**WORK TASK:**
Leave the pictures out and quote only the lines from the one with "How to Make" down to the end of the listing below.

**DATASET EXCERPT:**
* * * * *
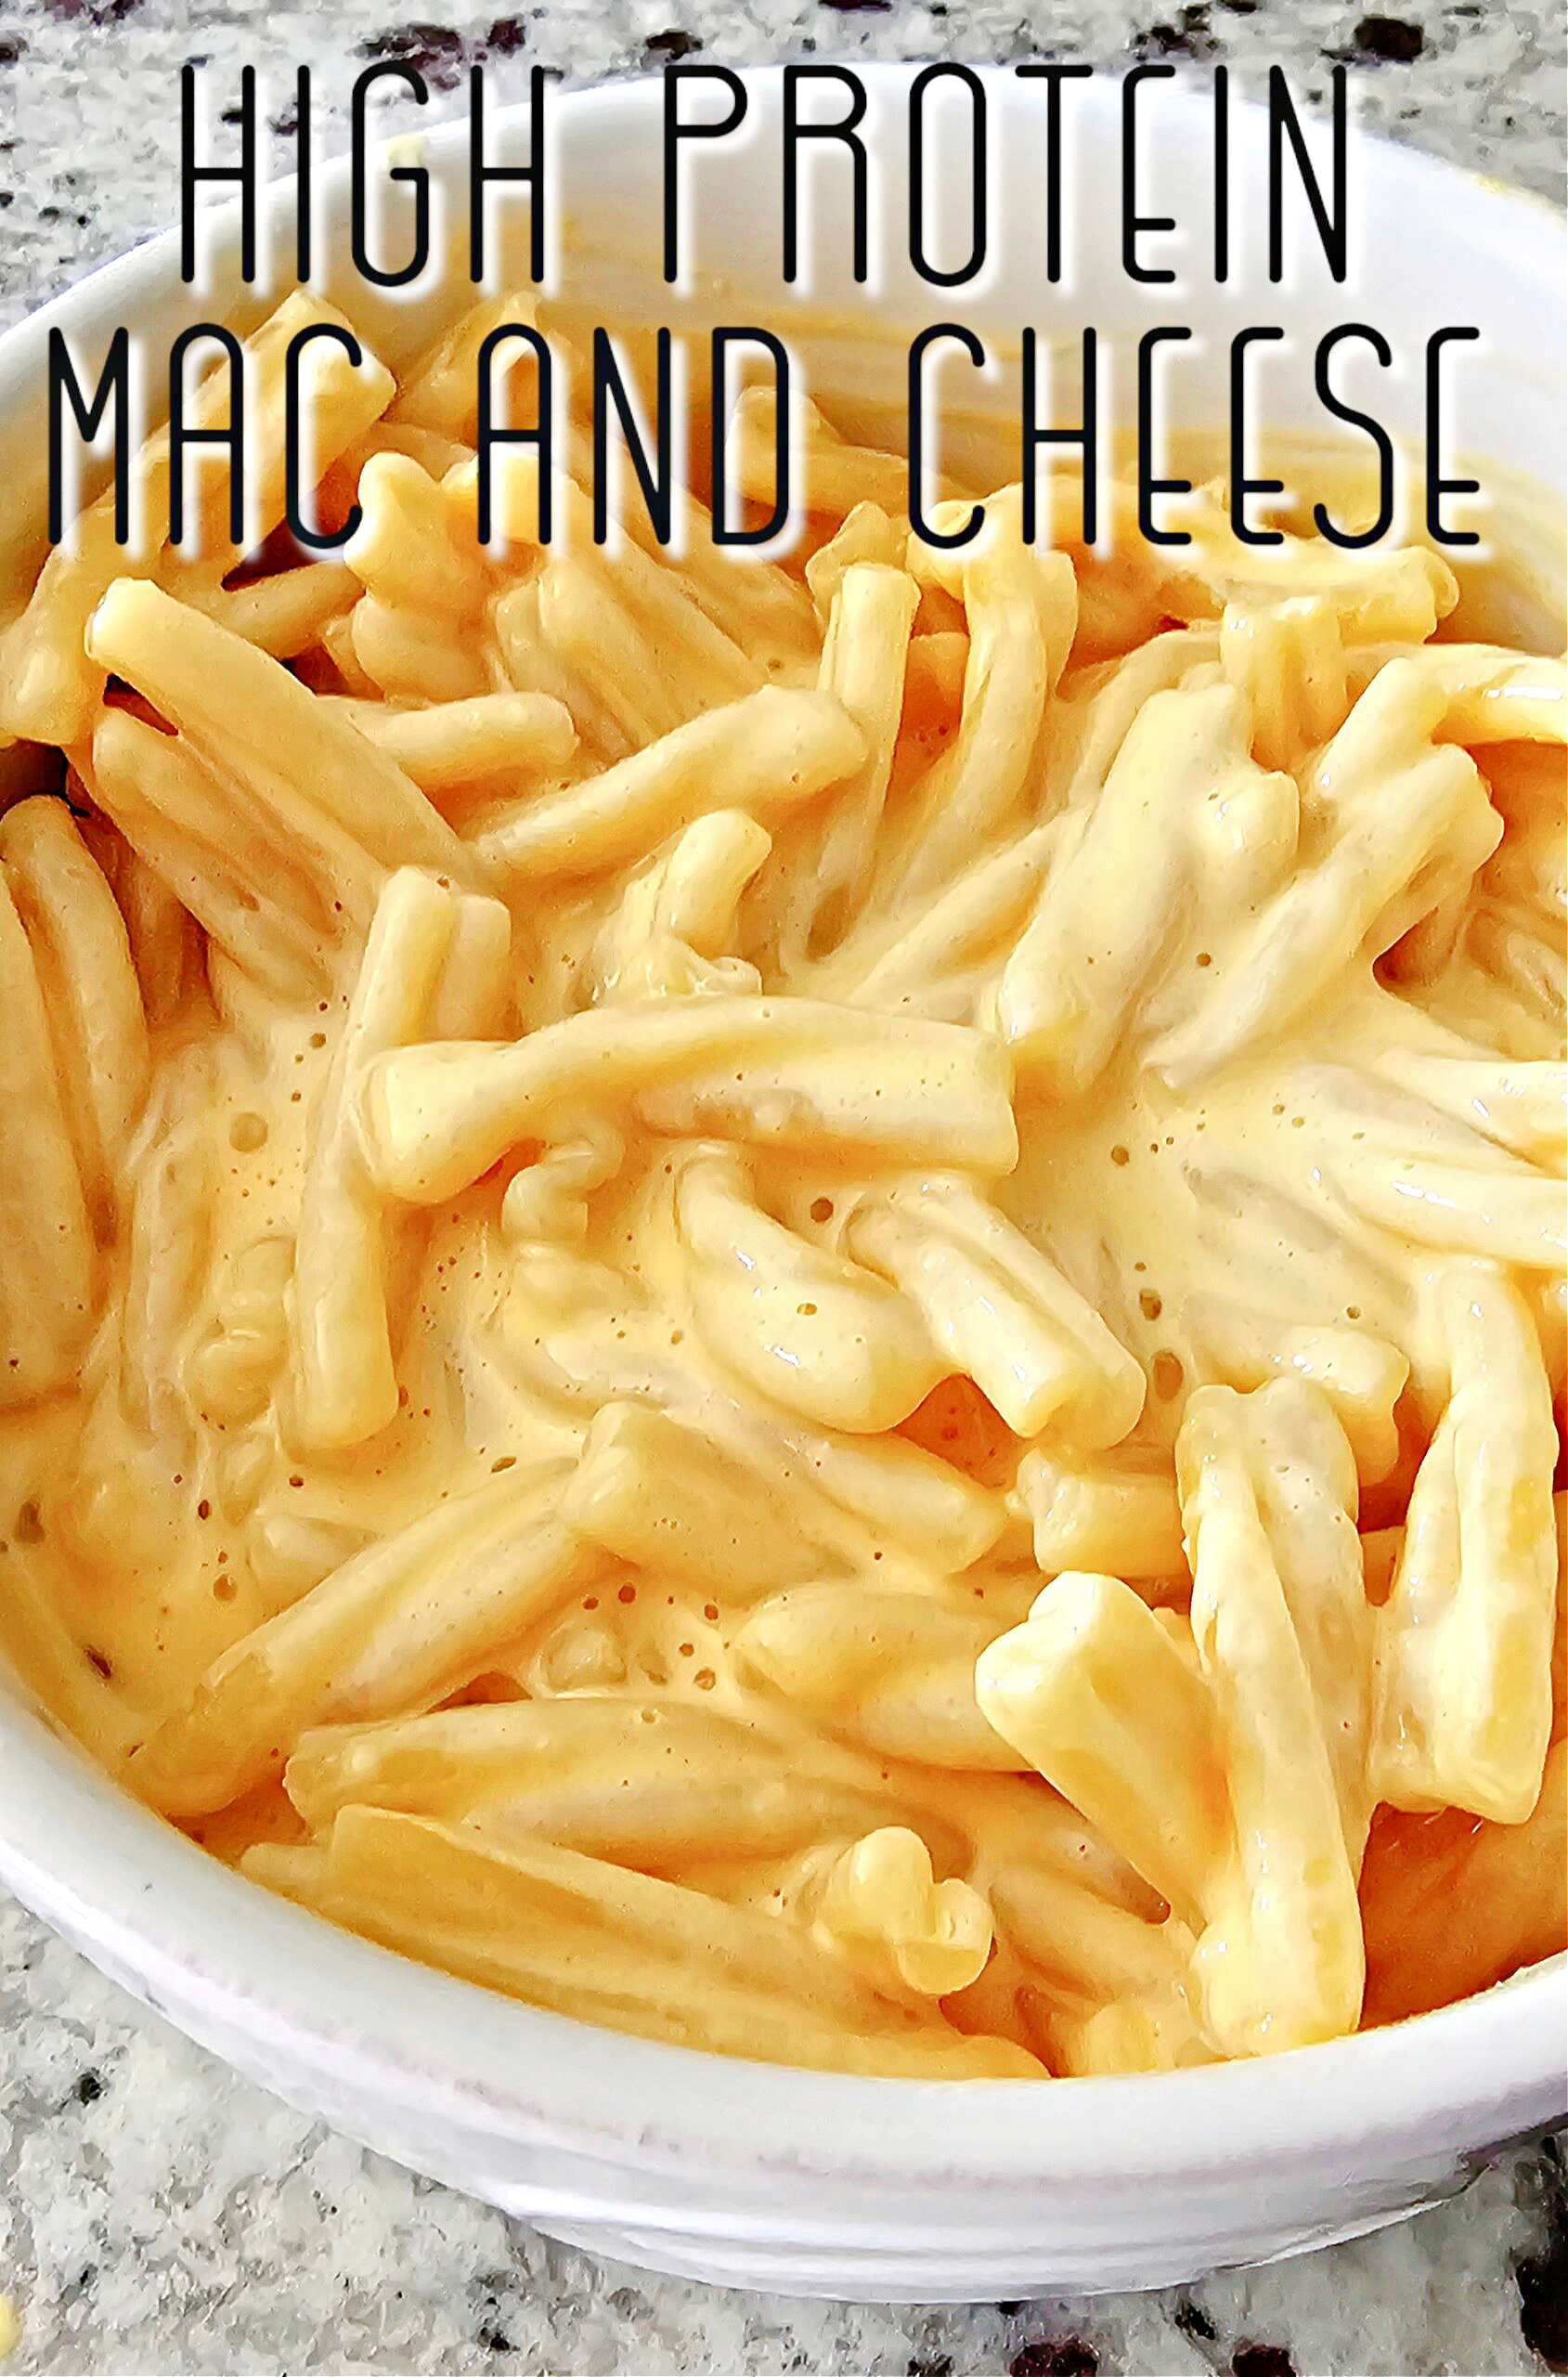 High Protein Mac and Cheese Sauce #macandcheese #highprotein #pasta #dinner #easyrecipe #onepotmeal
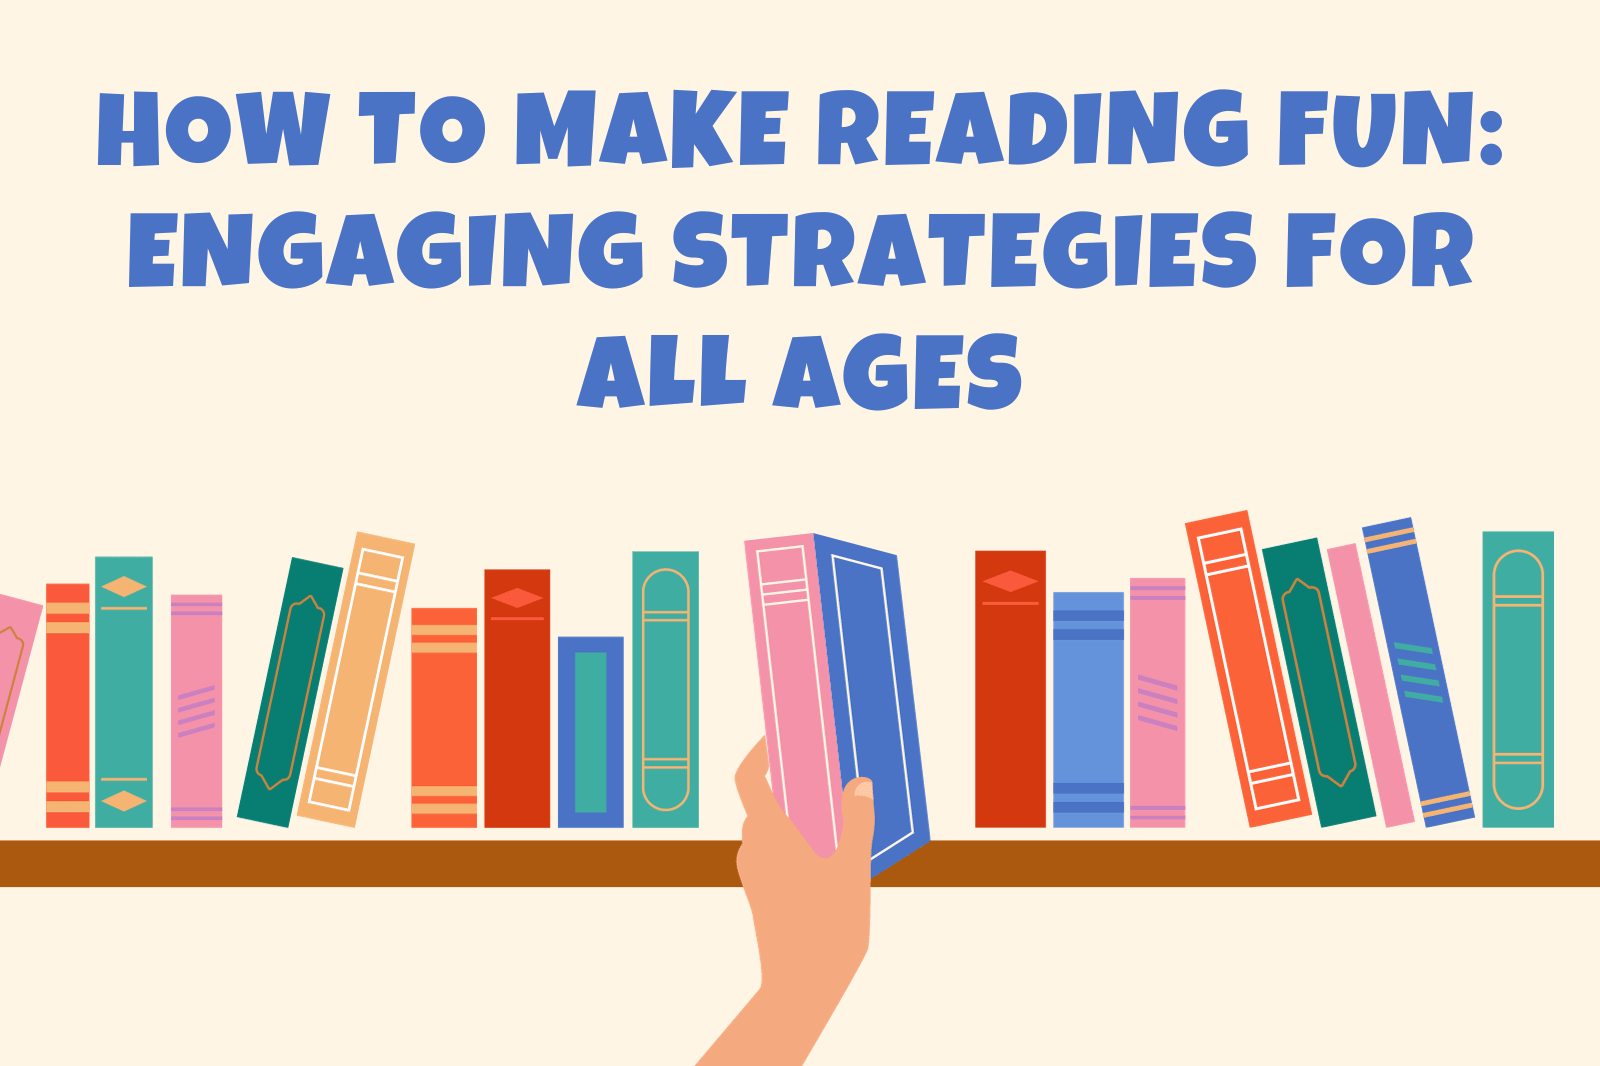 How to Make Reading Fun: Engaging Strategies for All Ages
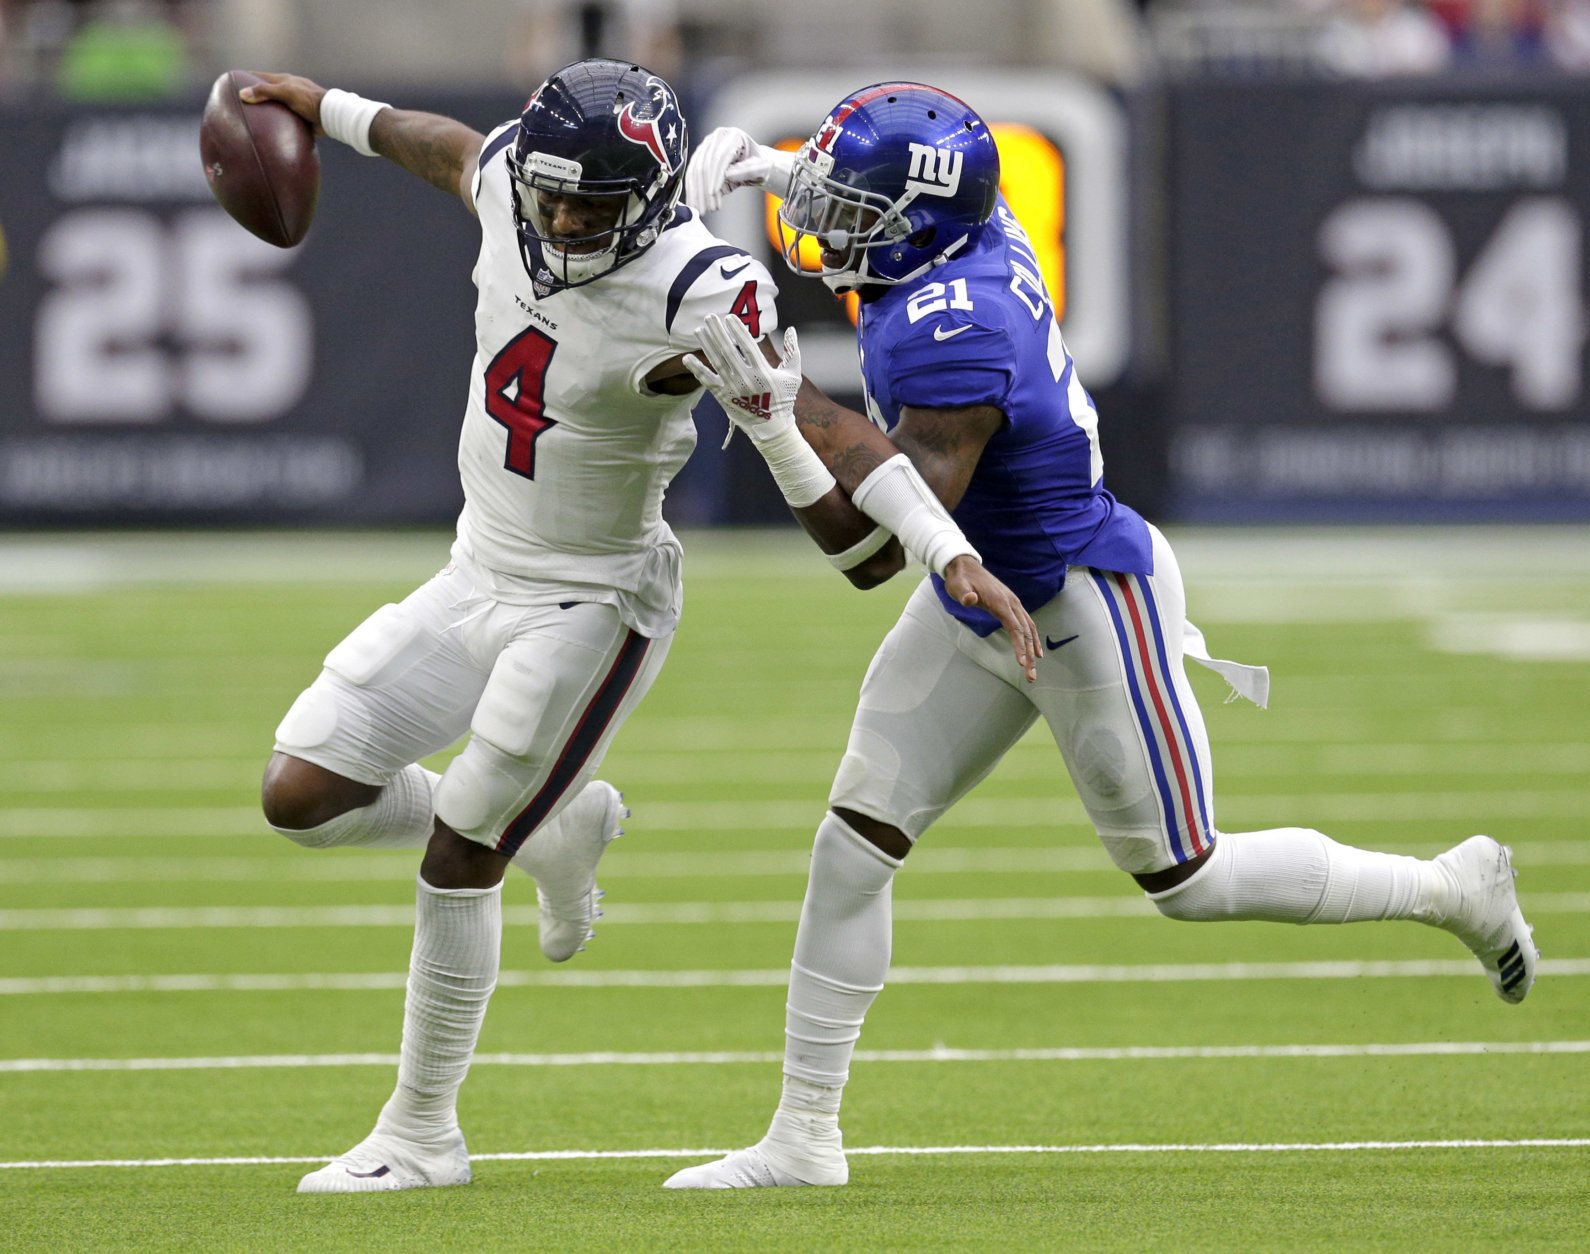 Houston Texans quarterback Deshaun Watson (4) is tackled by New York Giants defensive back Landon Collins (21) during the first half of an NFL football game Sunday, Sept. 23, 2018, in Houston. (AP Photo/Michael Wyke)
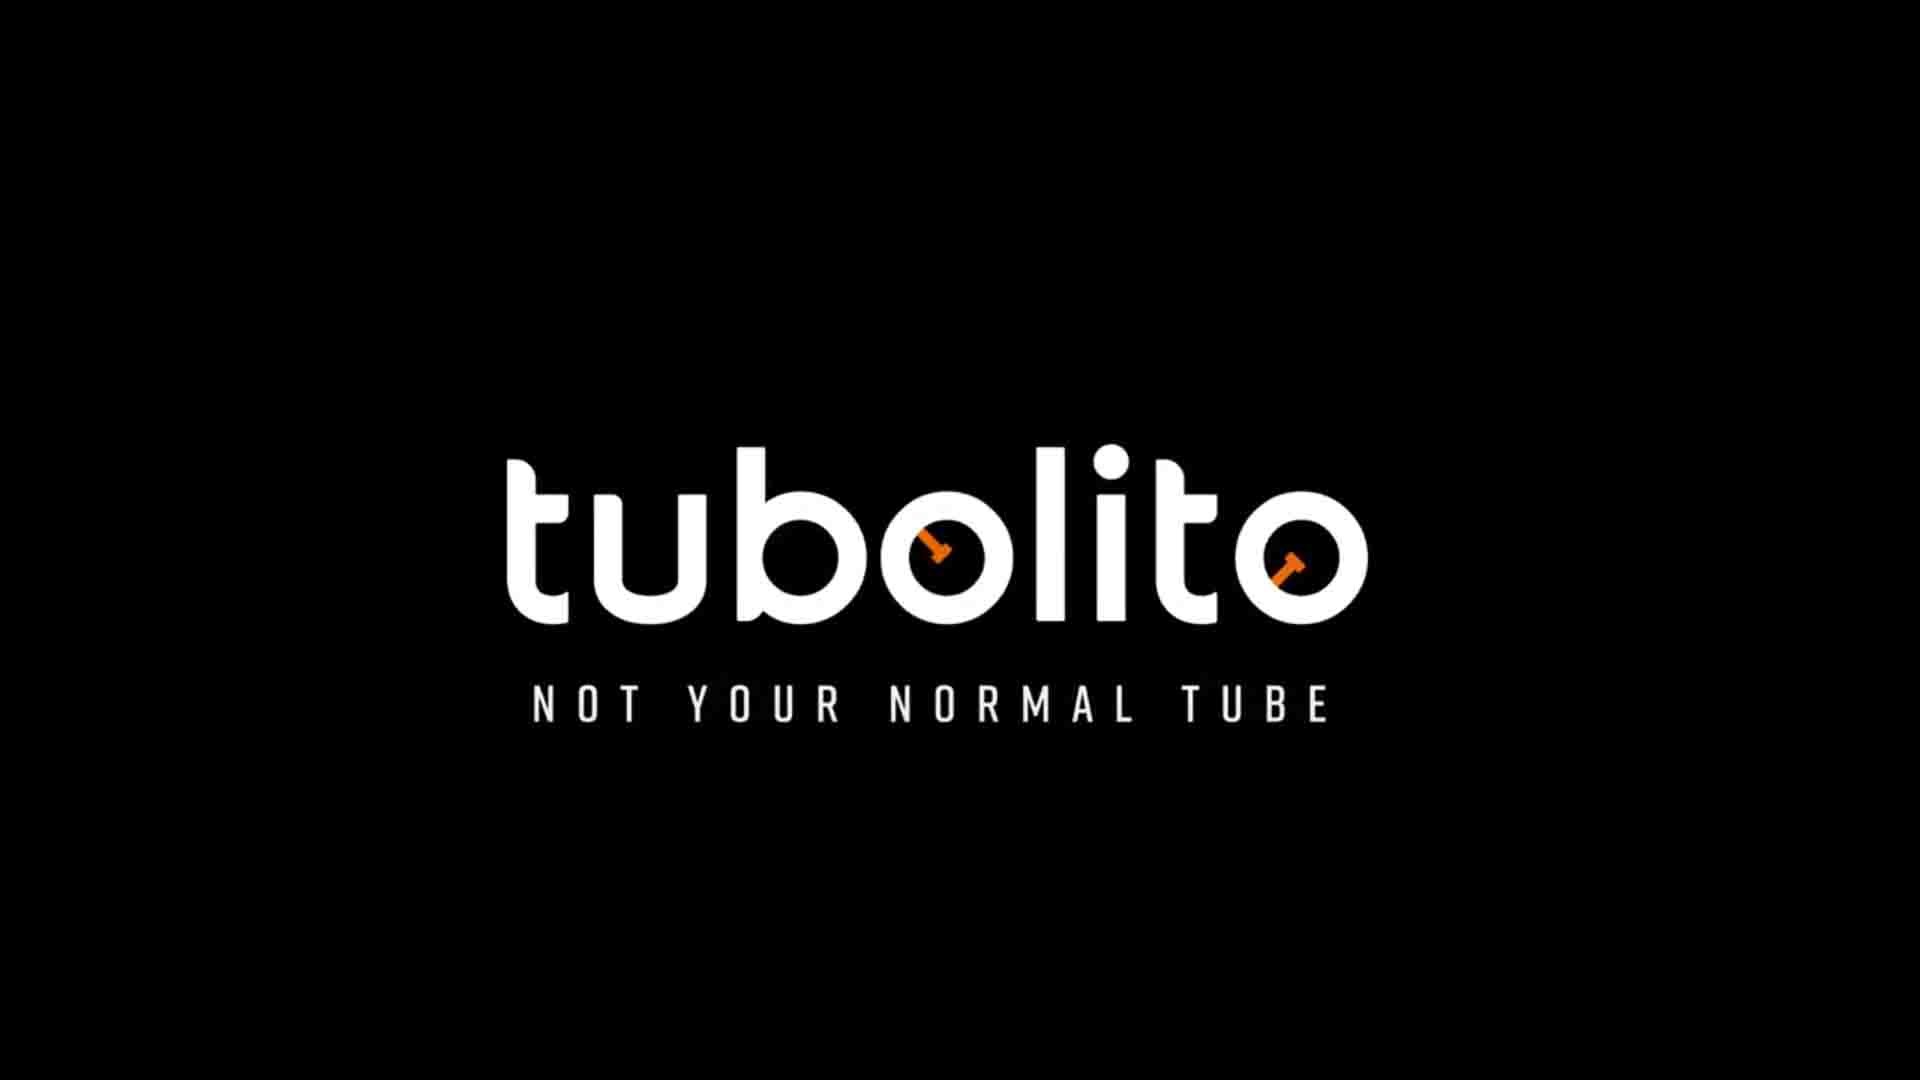 Tubolito - not your normal tube
* * * * *
**ANSWER SPACE:**
 How to Make Reading Fun: Engaging Strategies for All Ages
 Houston Texans quarterback Deshaun Watson (4) is tackled by New York Giants defensive back Landon Collins (21) during the first half of an NFL football game Sunday, Sept. 23, 2018, in Houston. (AP Photo/Michael Wyke)
 Tubolito - not your normal tube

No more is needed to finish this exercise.